To provide some historical perspective, I present the recent history of sitting members dumped at preselection who sought revenge at the ballot box. I do not doubt there are a number I have missed, particularly at state level, where the only one that immediately sprang to mind was Steven Pringle in Hawkesbury at the New South Wales election in March. Readers are encouraged to note any such omissions in comments and I will rectify them in due course.

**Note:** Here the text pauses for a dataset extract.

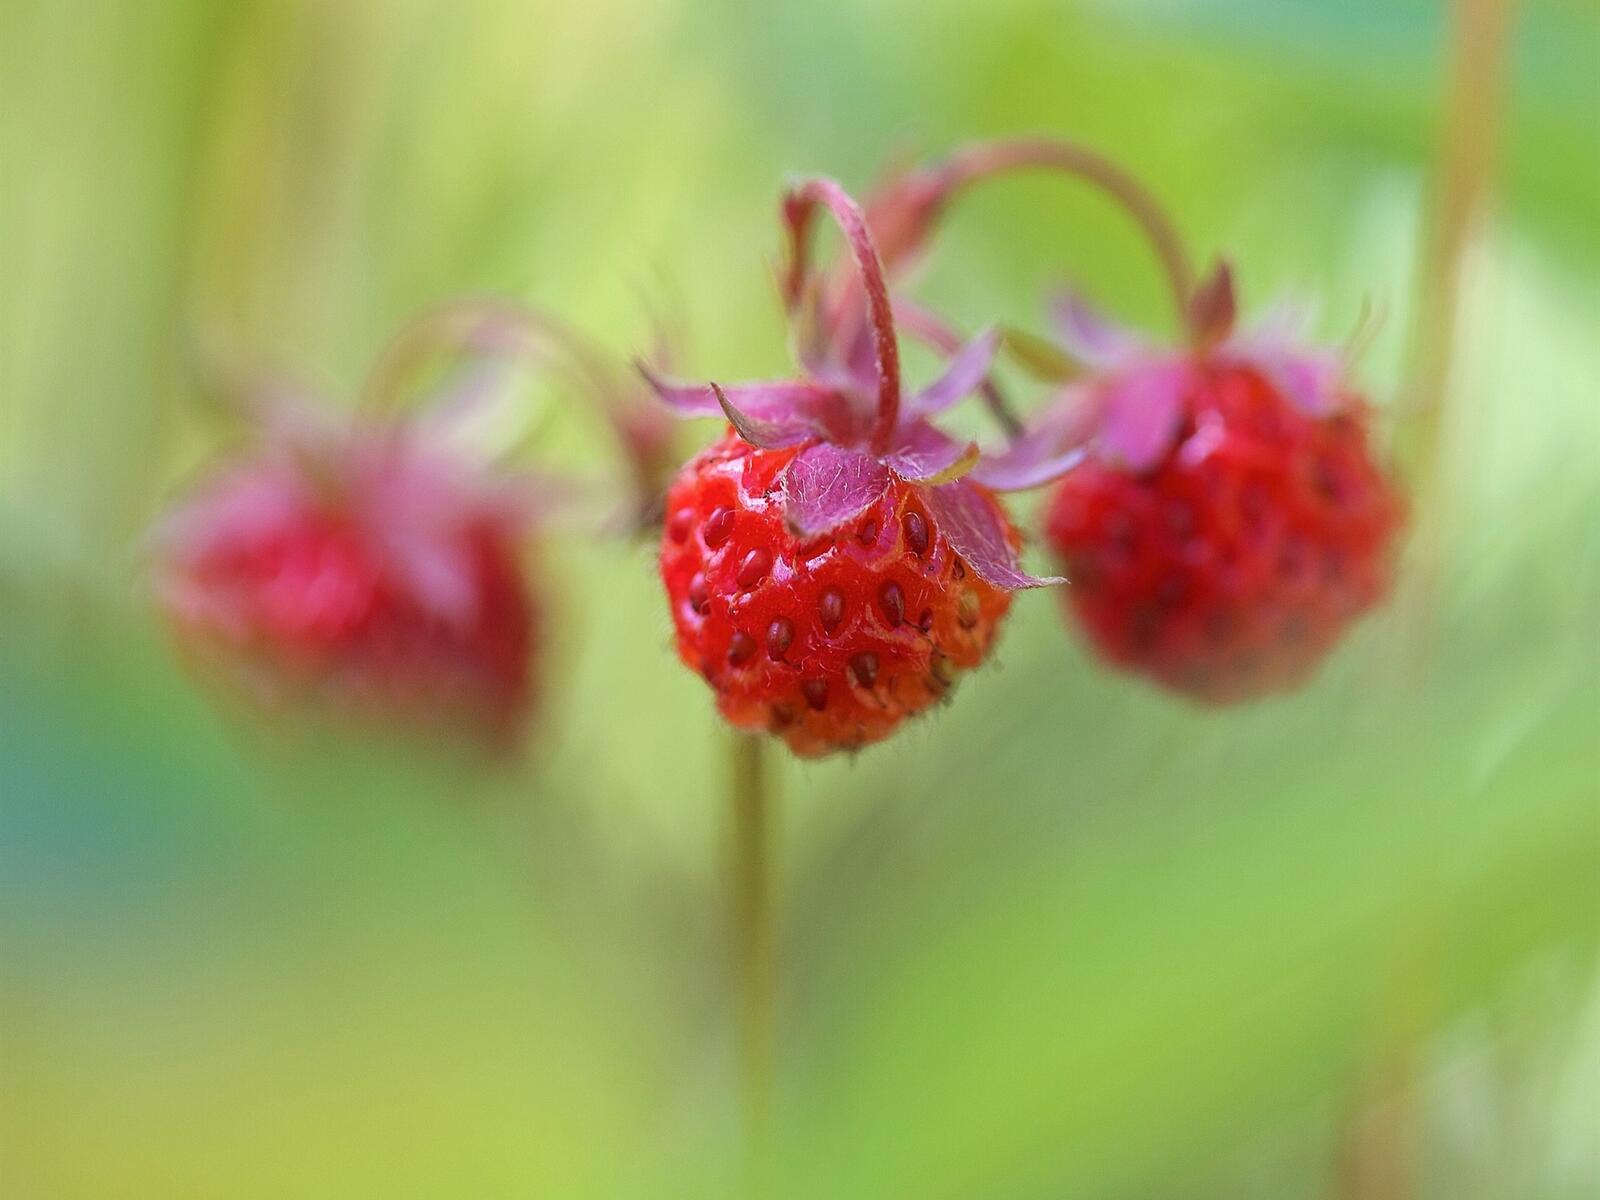 Wallpapers strawberry fruits blurred on the desktop

Moore and Curtin (Federal 2006): The only examples on this list where the independents actually won the day were these two Perth seats at the 1996 election, in which sitting members Paul Filing and Allan Rocher respectively lost preselection to Paul Stevenage and Ken Court (brother of then-Premier Richard Court). These results were widely blamed on the machinations of controversial Liberal warlord Noel Crichton-Browne, although the reality was more complicated. The important thing was that they incurred the displeasure of John Howard. This led to the Liberal candidates’ campaigns being starved of resources, and an apparently accurate perception emerging that the independents retained the imprimatur of the party leader. In blue-ribbon Curtin, Rocher easily outpolled Labor 29.4 per cent to 19.8 per cent, proceeding to an easy victory over Court (39.2 per cent) on Labor preferences. Paul Filing won even more resoundingly in Moore, leading the primary vote with 34.1 per cent to Labor’s 28.4 per cent and the Liberals’ 27.3 per cent. The 1998 election saw both members defeated by less contentious Liberal candidates.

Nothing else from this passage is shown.